As well as the peripheral nociceptive system, the spinal cord is important for the generation of clinically relevant pain. During development of inflammation in the joint, nociceptive spinal cord neurons develop a state of hyperexcitability (called central sensitization) which increases the gain of the nociceptive processing [9]. In this context it is important that TNF-α is produced not only in the inflamed tissue but also in the spinal cord, namely by glial cells [11]. Although glial activation is not generally observed in inflammation [20], astroglia and microglia were activated in K/BxN serum transfer arthritis [21] and in models of experimental OA [22]. Both TNF-α in the joint and TNF-α in the spinal cord affect the nociceptive processing in the spinal cord (Figure 2). TNF-α injection into the knee joint cavity increased the responses of spinal cord neurons to mechanical joint stimulation, while intra-articular injection of etanercept attenuated inflammation-evoked spinal activity [23]. These effects can be explained by the modification of the sensory input into the spinal cord because the sensitization of peripheral nerve fibers by TNF-α (see above) will increase the afferent barrage during joint stimulation. However, the spinal application of TNF-α also increased the spinal responses to joint stimulation. Importantly, spinal application of either etanercept or an antibody to TNFR1 during the development of joint inflammation significantly attenuated the generation of inflammation-evoked spinal hyperexcitability, which is characterized by widespread pain sensitization beyond the inflamed joint. These findings indicate that the production and release of TNF-α in the spinal cord supports the generation of inflammation-evoked spinal hypersensitivity [23]. Spinal TNF-α was also implicated in the neuronal control of inflammation in the joint: intrathecal application of TNF inhibitors significantly attenuated joint inflammation [12],[13].

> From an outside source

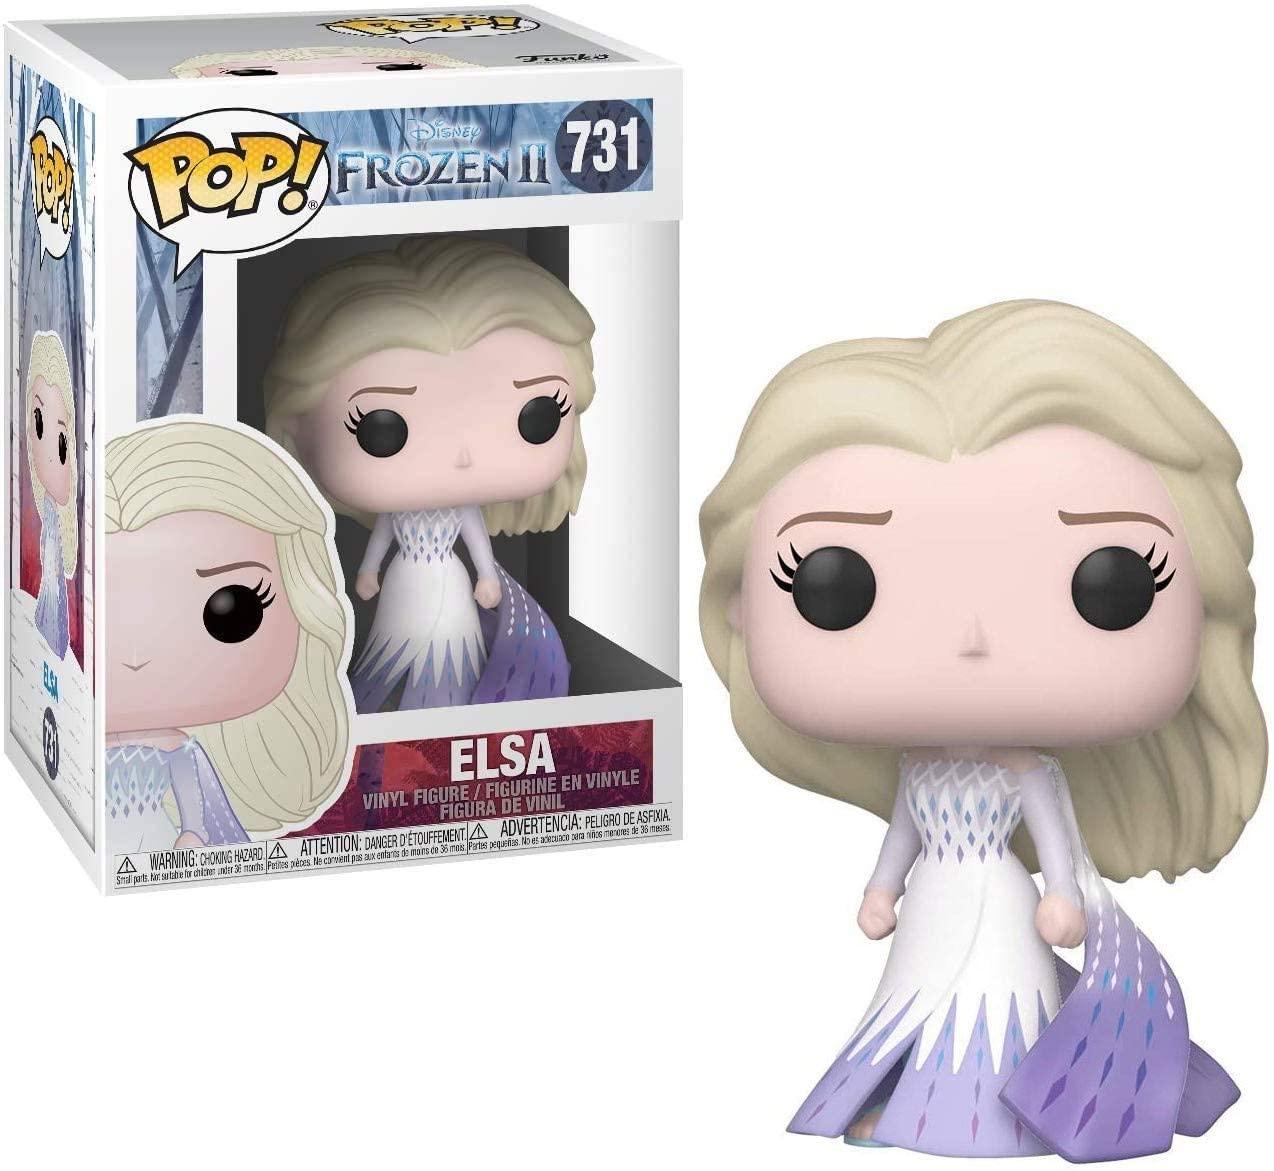 Funko Pop! Disney: Frozen 2 Elsa

From the effects of TNF-α on neurons it should be expected that neutralization of TNF-α reduces pain. In fact, this was observed both in animal models (Figure 3) and in patients with RA. In murine collagen-induced arthritis (CIA) [24], complete Freund's adjuvant (CFA)-induced paw inflammation in rat [4], rat AIA [3], and mouse K/BxN arthritis [21], the neutralization of TNF rapidly reduced inflammatory hyperalgesia in the absence of any other antinociceptive drugs. Typically the antinociceptive effects of TNF neutralization were already observed on the first day of treatment even if swelling was only slightly reduced [3] and gross pathology did not show a difference between treated and untreated animals [3],[4]. Similarly, RA patients who received infliximab experienced significant pain reduction after 1 day, although at this early time point the inflammatory process was not reduced [5]. Intra-articular injection of etanercept reduced responses of joint nociceptors to rotation of the inflamed joint within 30 minutes, thus showing that TNF-α neutralization in the joint significantly contributes to the therapeutic effect [3].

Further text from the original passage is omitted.